Reputation: 1527
I'm trying to run this query. It's very slow. After 30sec I still have no results.
I have indexes on step, source, video_id.
step 1 is video uploaded
step 4 is video ready to download
source 5 is a video type
In encoding_history table, I have many times the same video_id with different steps of process (uploading, encoding, ...)
My need is to get all videos uploaded more than 6 hours ago and still not ready to download.
If I remove the subquery, it's pretty fast.

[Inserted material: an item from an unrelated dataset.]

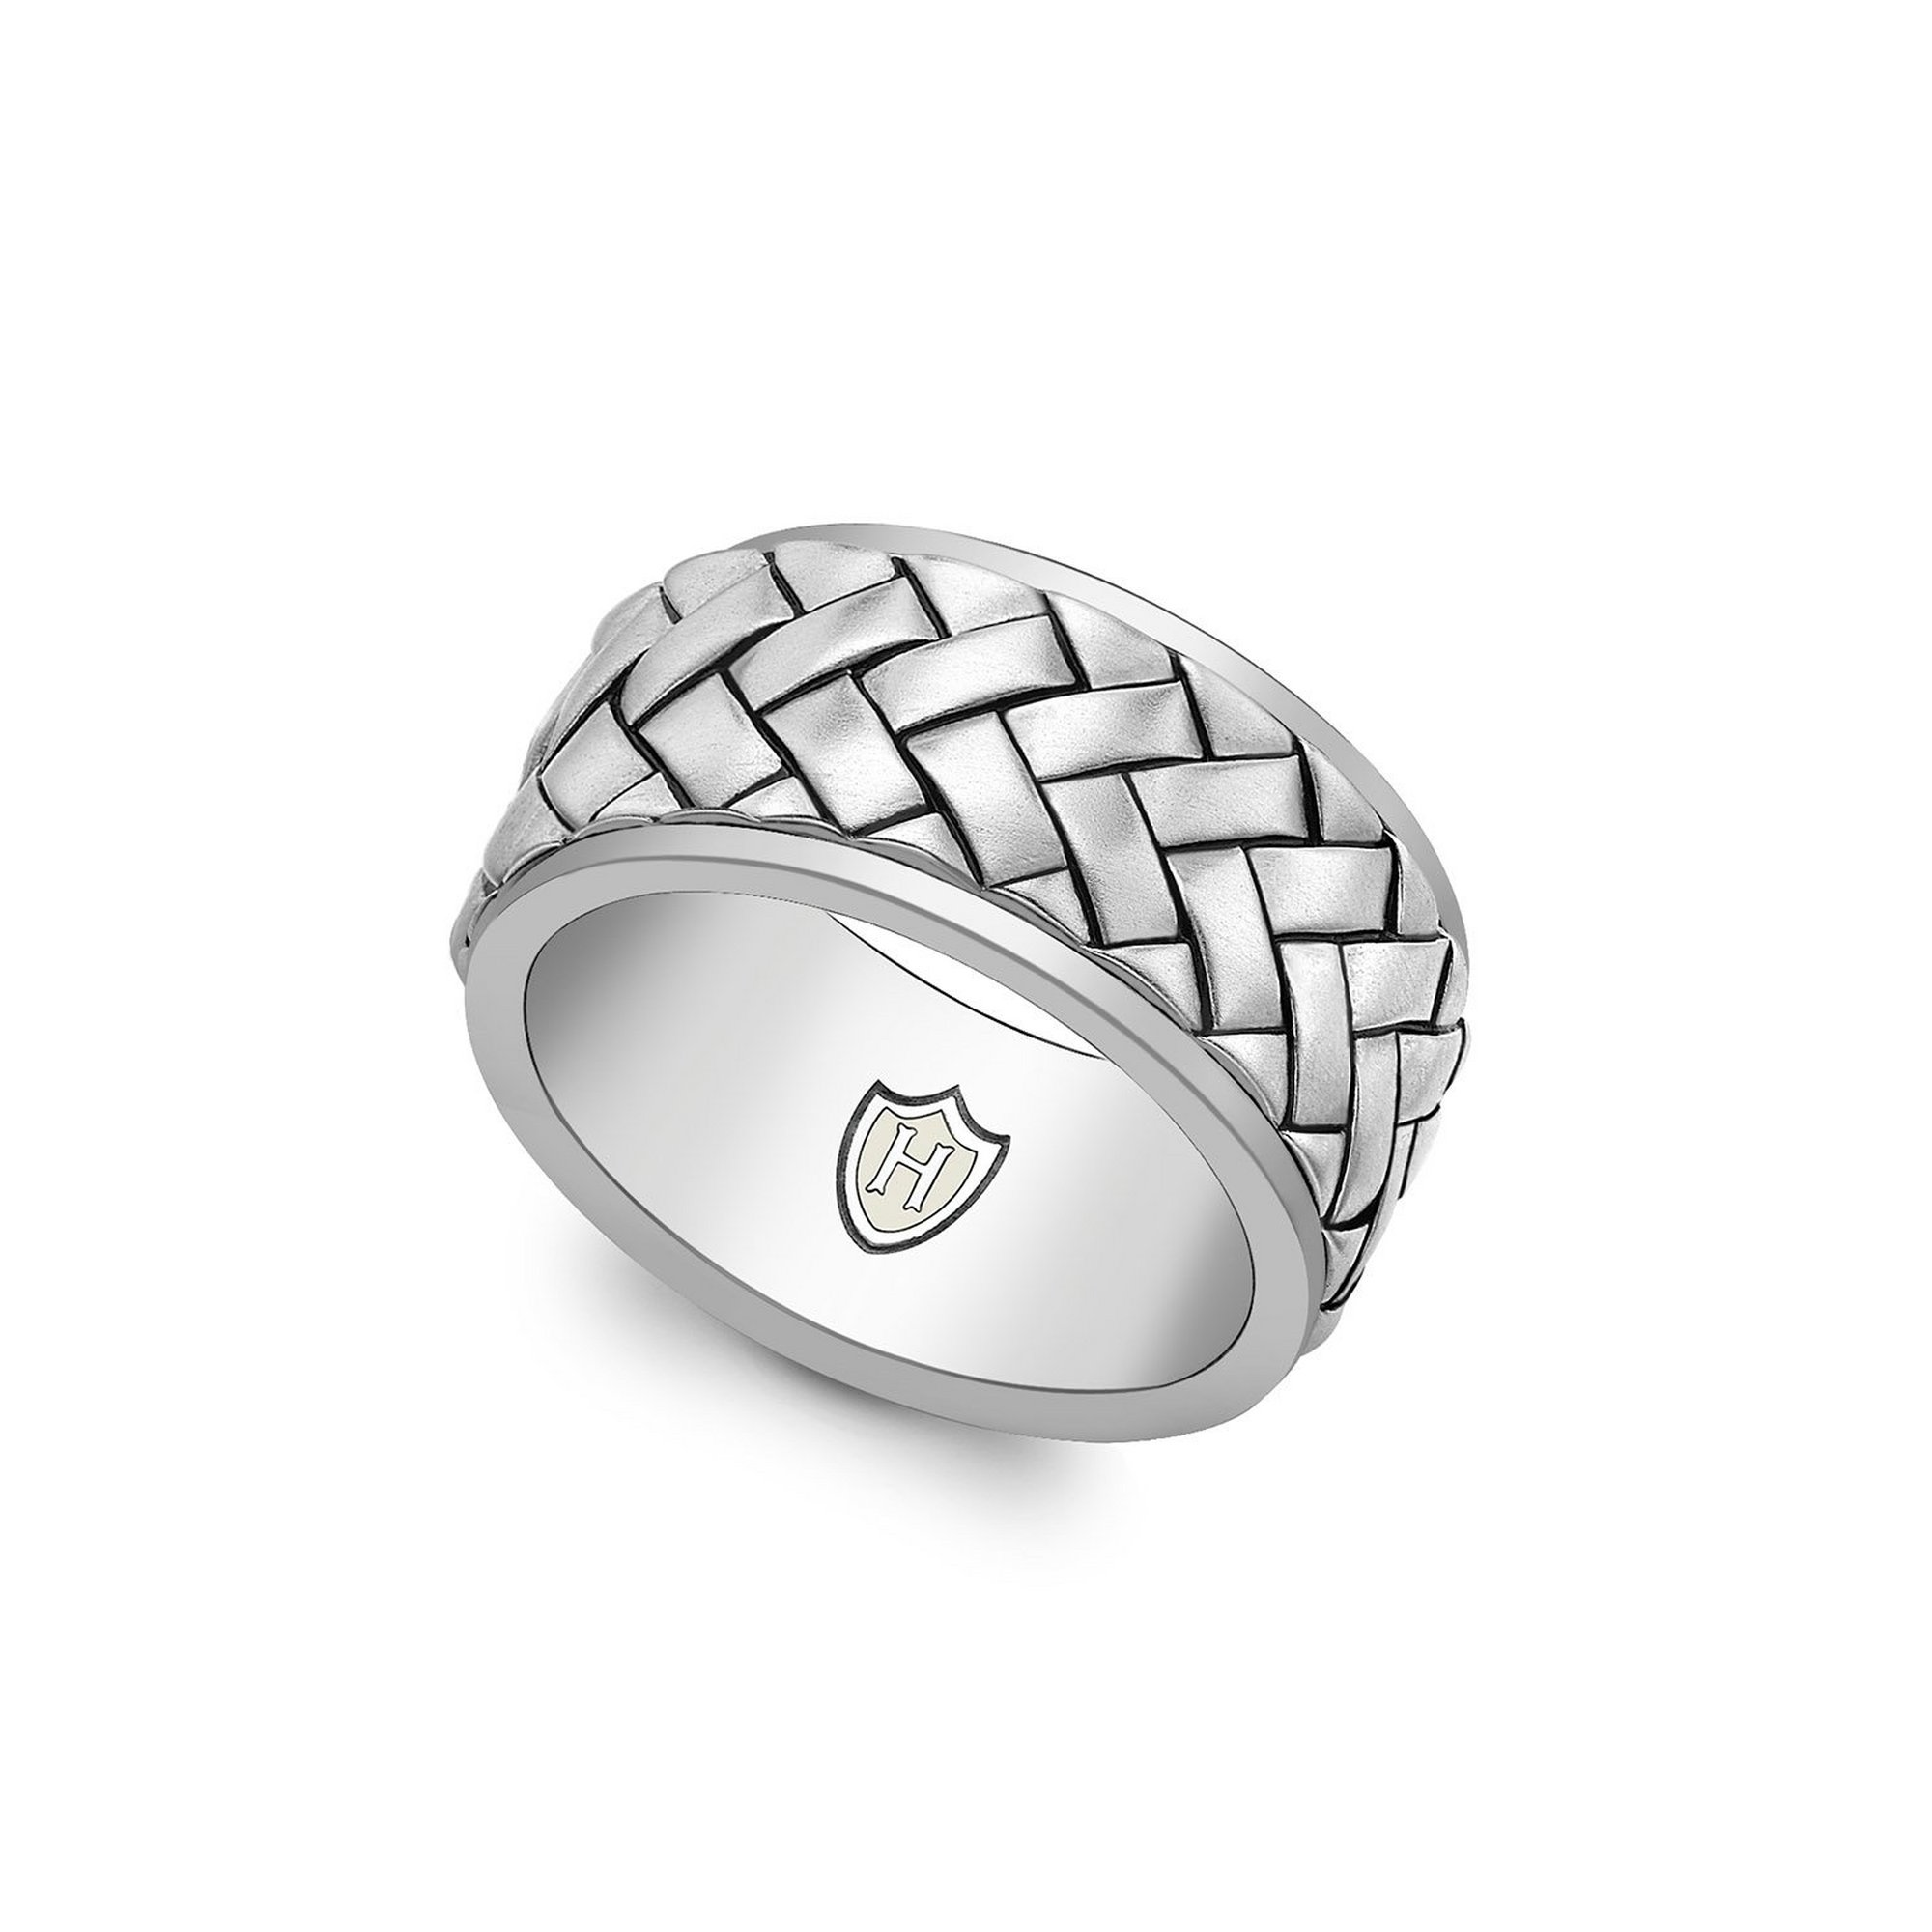 Image of Hoxton London Herringbone Ring
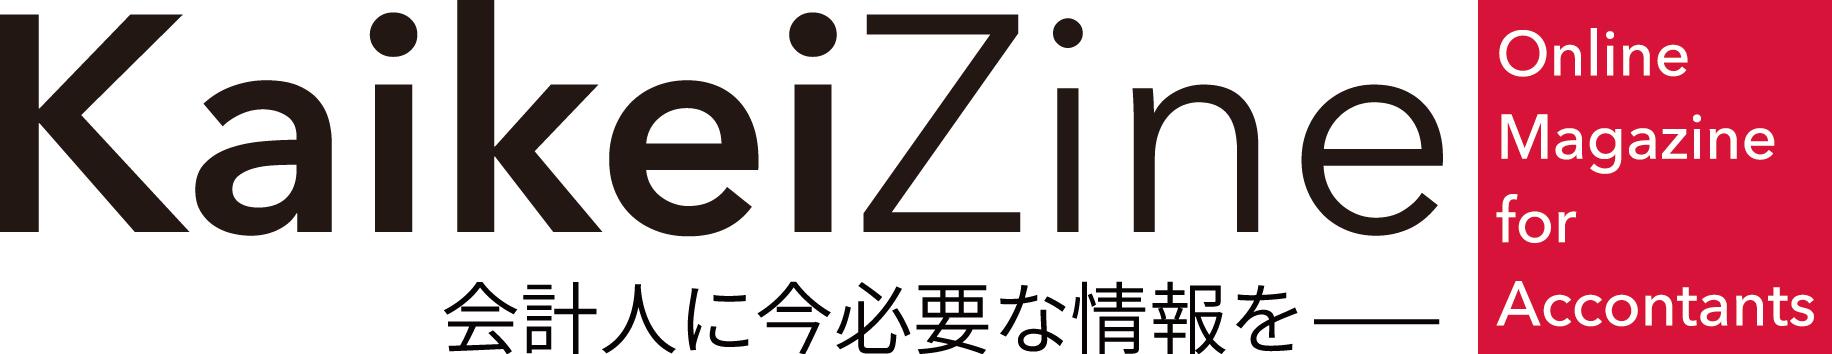 kaikeizine_logo

My table have about 6.000.000 entries.
$query = 'SELECT video_id FROM encoding_history WHERE
video_id NOT IN (SELECT video_id FROM encoding_history WHERE step = 4 AND source = 5 GROUP BY video_id)
AND step = 1
AND source = 5
AND date_added > DATE_SUB(NOW(), INTERVAL 6 HOUR)';
Any ideas on how to speed up my results? Thanks.
Upvotes: 0
Views: 120
Reputation: 92
There is no way that a video is in step 1 and step 4 in the same time so just get rid of the sub query
On another thaught (thanks to xQbert) you could move this operation to your application instead of the db.
Upvotes: 0
Reputation: 35333
Execution plan will help the most as you may be missing indexes that would help but this I think would operate faster.
SELECT Eh1.video_id
FROM encoding_history EH1
LEFT JOIN Encoding_history EH2
on EH2.step=4 and EH2.source=5
and EH1.step=1 and EH1.source=5
AND EH1.date_added > DATE_SUB(NOW(), INTERVAL 6 HOUR)
WHERE Eh2.Video_ID is null
Result: Return all Video_IDS that are in step 1 with a source of 5 that do not have a step 4 source 5. That were added within the past 6 hours.
Upvotes: 1